● Dataset content:
━━━━━━

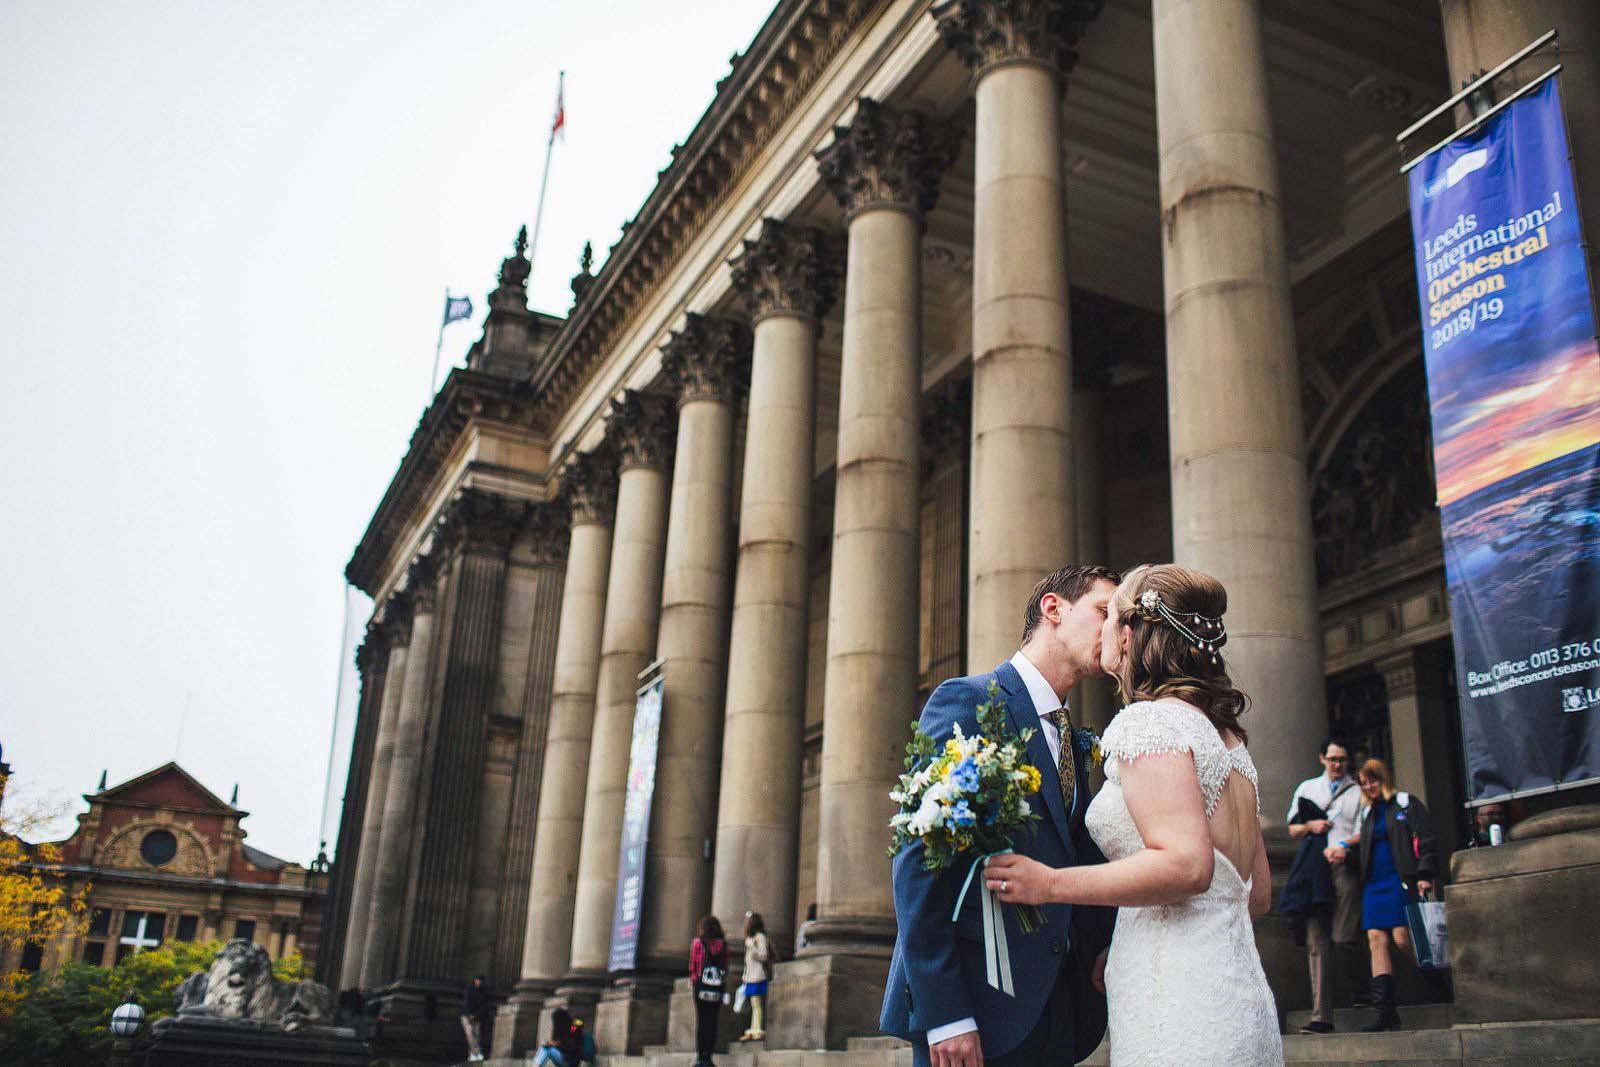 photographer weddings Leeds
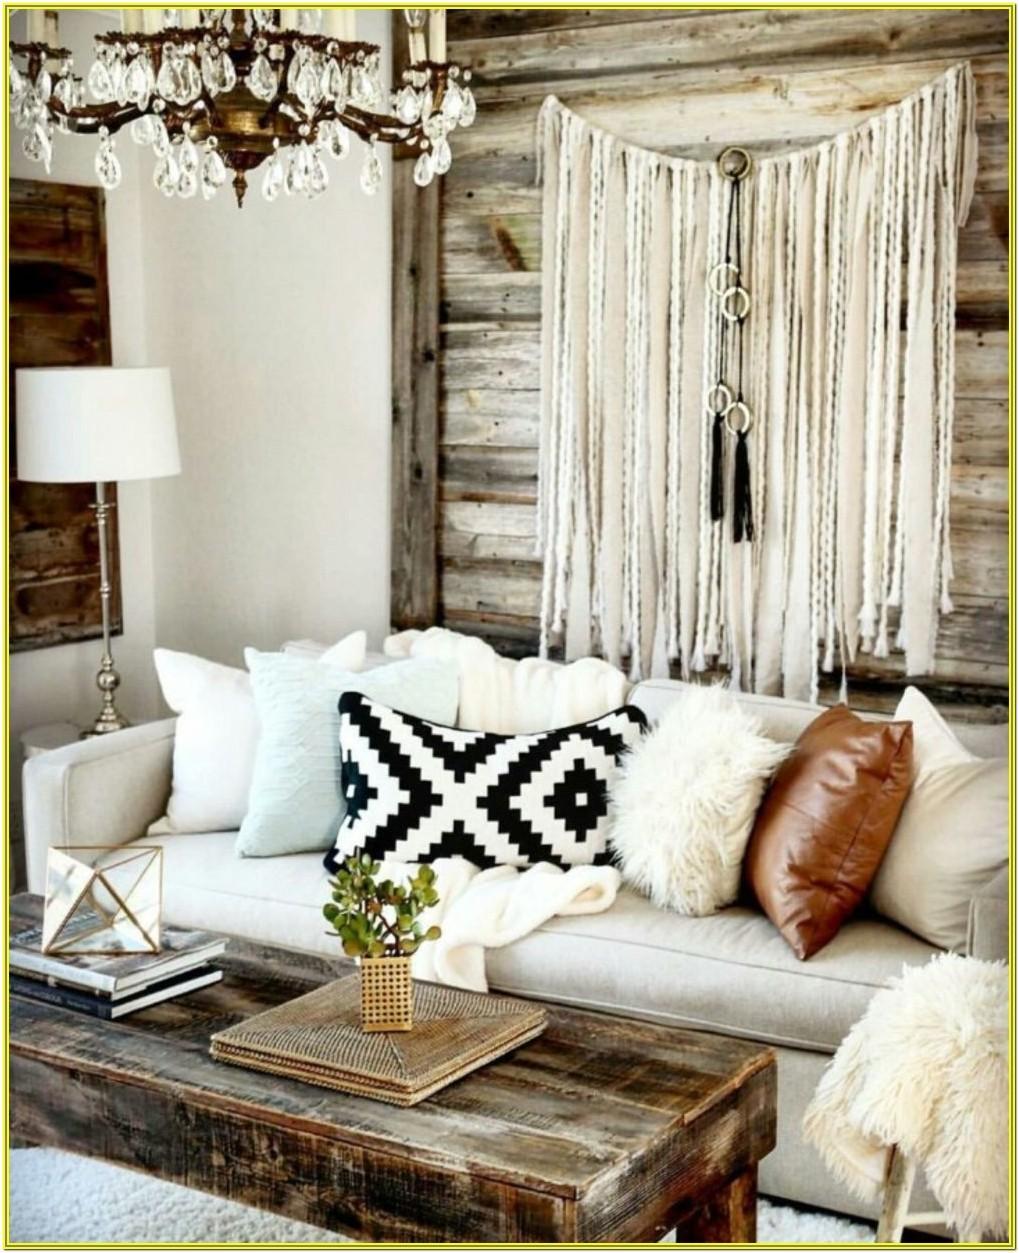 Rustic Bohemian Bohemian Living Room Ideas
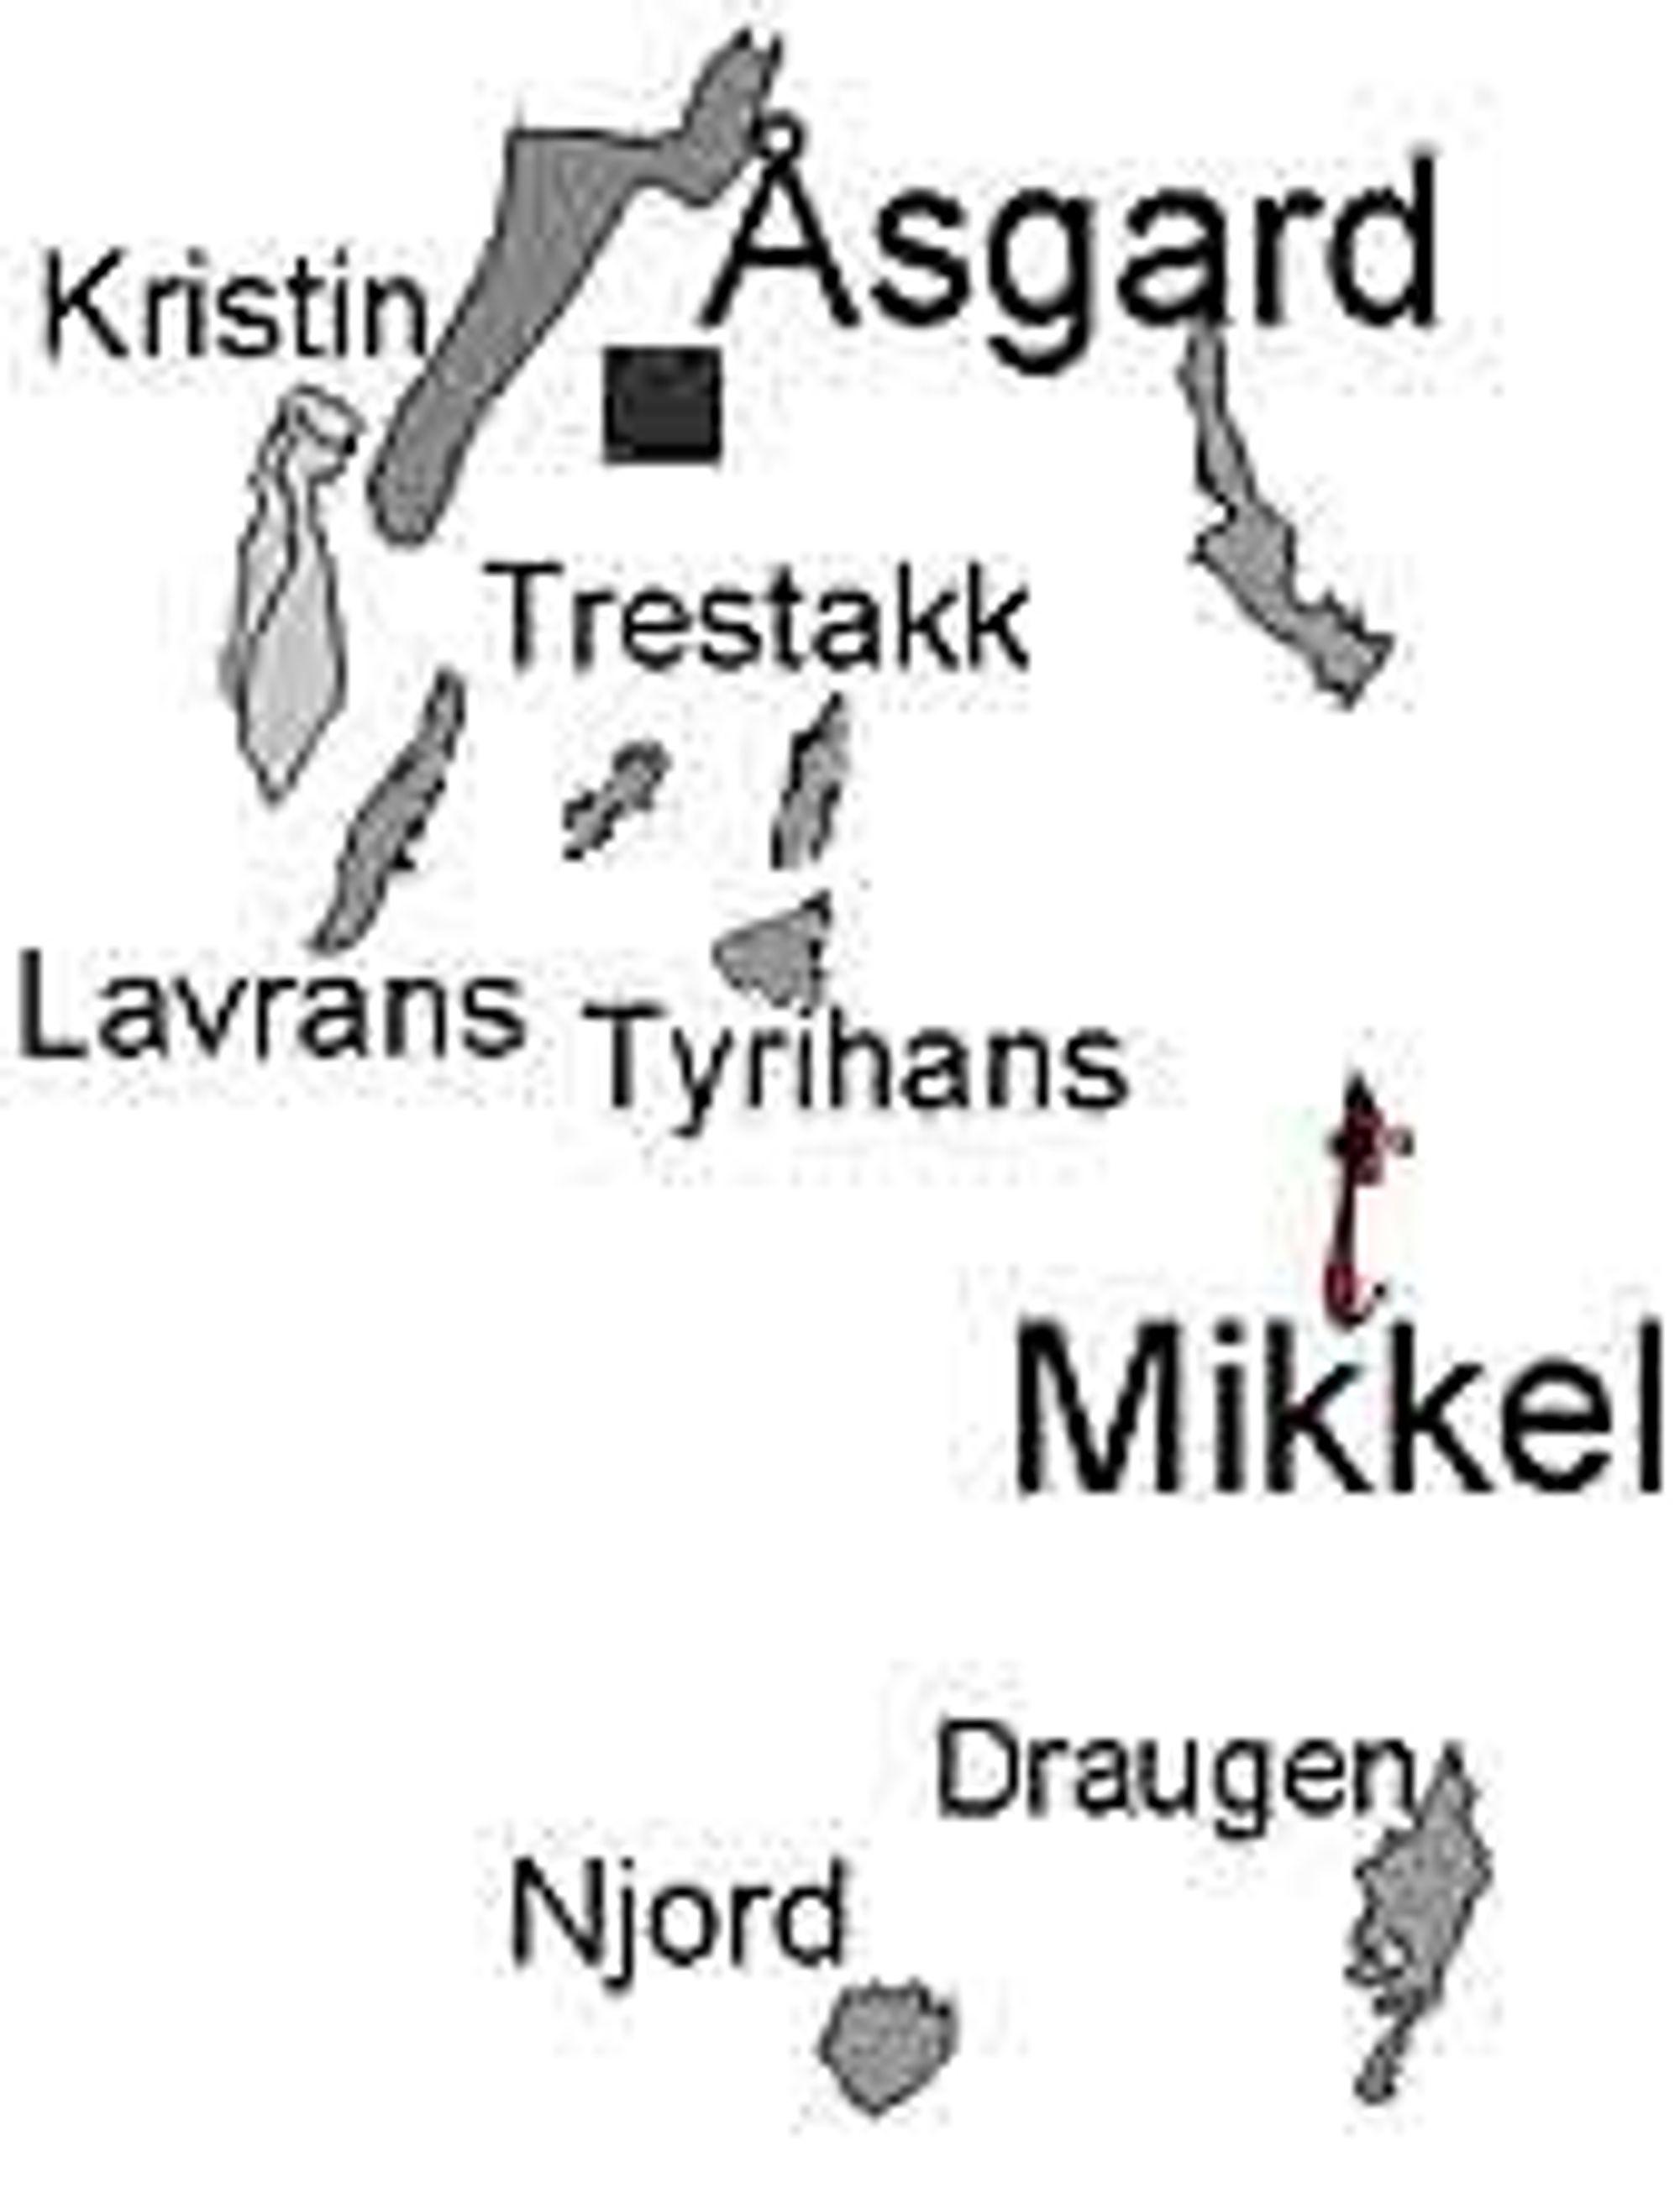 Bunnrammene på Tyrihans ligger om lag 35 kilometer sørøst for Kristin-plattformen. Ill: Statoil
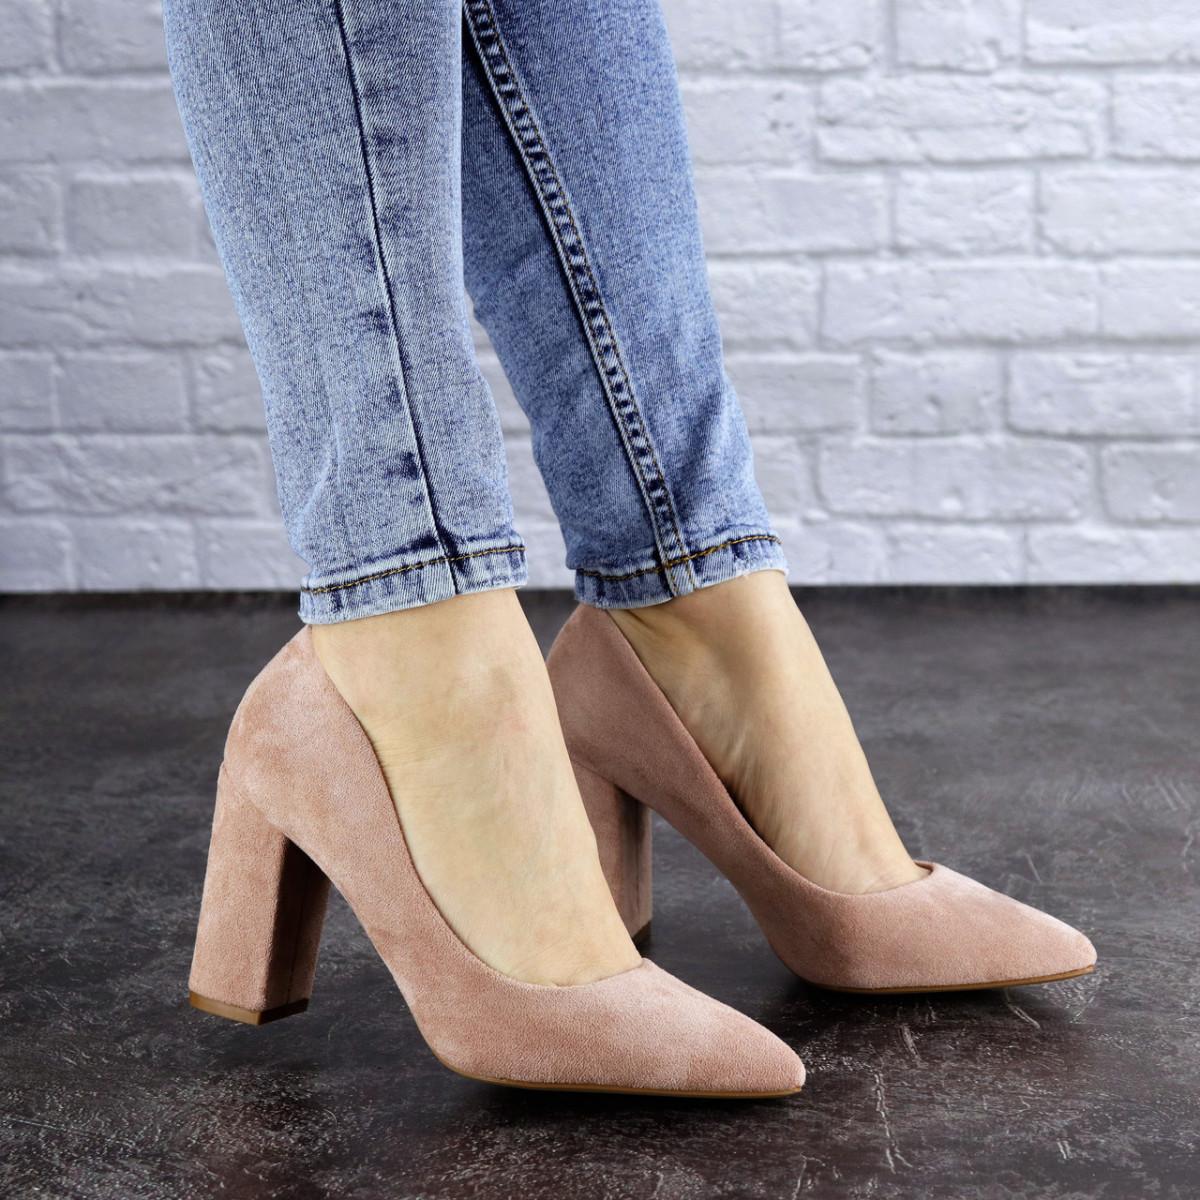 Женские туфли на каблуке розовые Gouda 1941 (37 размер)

━━━━━━

Would you set down, word for word, the lines running from the one that contains "Rustic Bohemian Bohemian Living Room Ideas" to the last line of the material, omitting all pictures?

● Task result:
 Rustic Bohemian Bohemian Living Room Ideas
 Bunnrammene på Tyrihans ligger om lag 35 kilometer sørøst for Kristin-plattformen. Ill: Statoil
 Женские туфли на каблуке розовые Gouda 1941 (37 размер)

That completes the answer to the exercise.